Las crónicas de la época relatan que una gran tormenta azotaba la ciudad en el momento en que el avión iniciaba el descenso previo al aterrizaje; las nubes bajas, la escasa visibilidad y un error de navegación terminaron por conformar el escenario de la tragedia. El brutal impacto se cobró 31 víctimas mortales; 18 de ellas jugadores del equipo turinés, la plantilla prácticamente al completo. Además, encontraron la muerte en aquel avión cuatro directivos y entrenadores del club, tres de los mejores periodistas deportivos de la época, y la tripulación del avión al completo. No hubo supervivientes.
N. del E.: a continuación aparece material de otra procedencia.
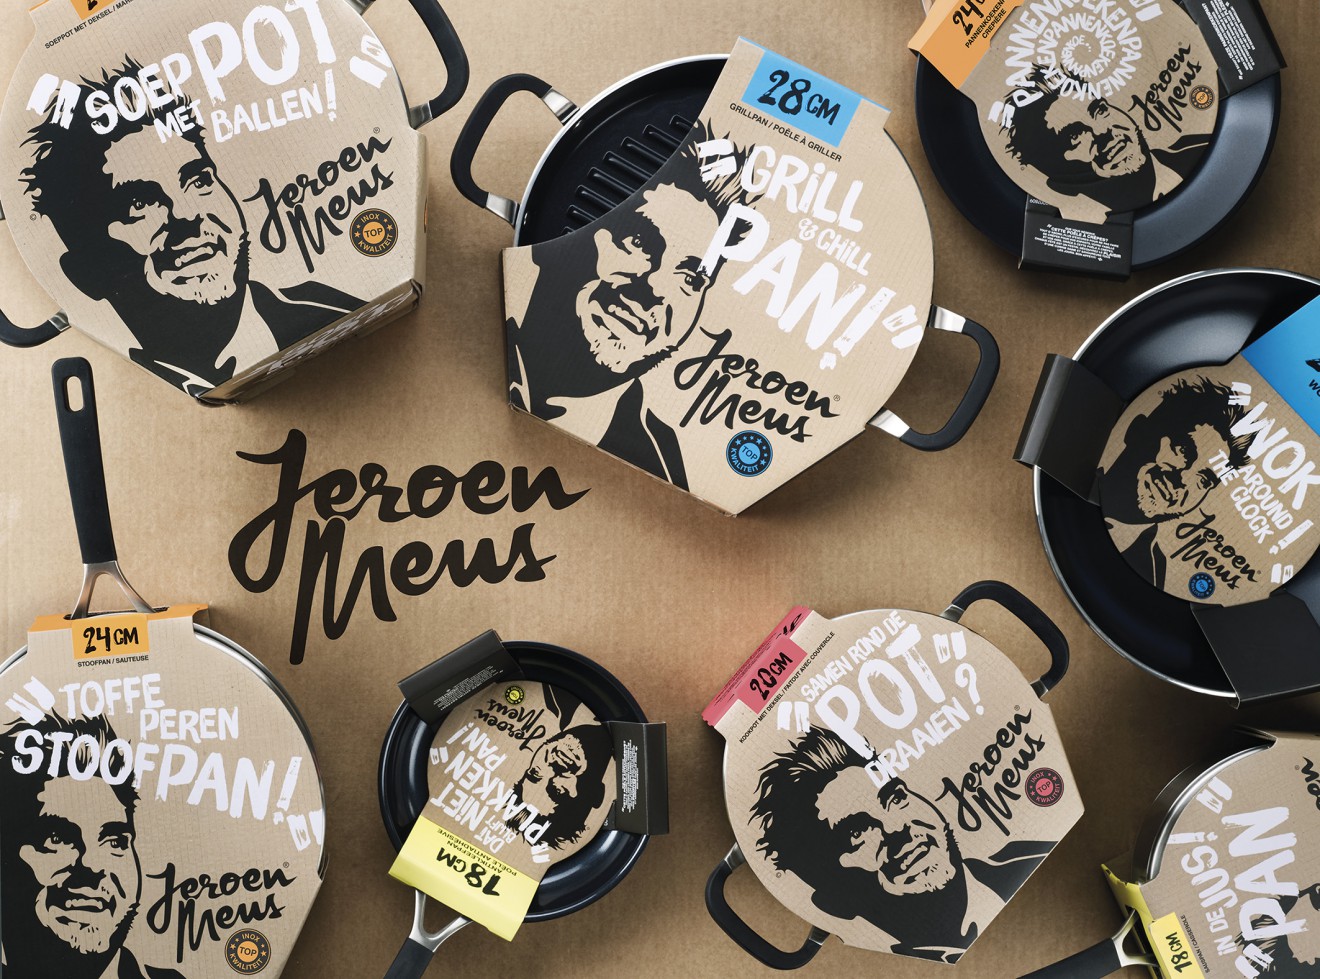 Quatre Mains package design - Jeroen Meus, Pot, Pan

El único jugador del Torino que no viajaba en ese avión era el joven lateral izquierdo Sauro Tomá, un chico de 23 años recién fichado del modesto equipo La Spezia que estaba causando una grata impresión al entrenador, el inglés Leslie Lievesly. Debido a unas molestias en el menisco, Lievesly decidió que se quedara en Italia descansando y entrenándose en solitario, algo que no gustó al jugador; quería viajar con sus compañeros a Lisboa aunque no pudiera jugar. Se sintió muy decepcionado por quedar fuera de aquella convocatoria y tuvo que ser consolado por su esposa.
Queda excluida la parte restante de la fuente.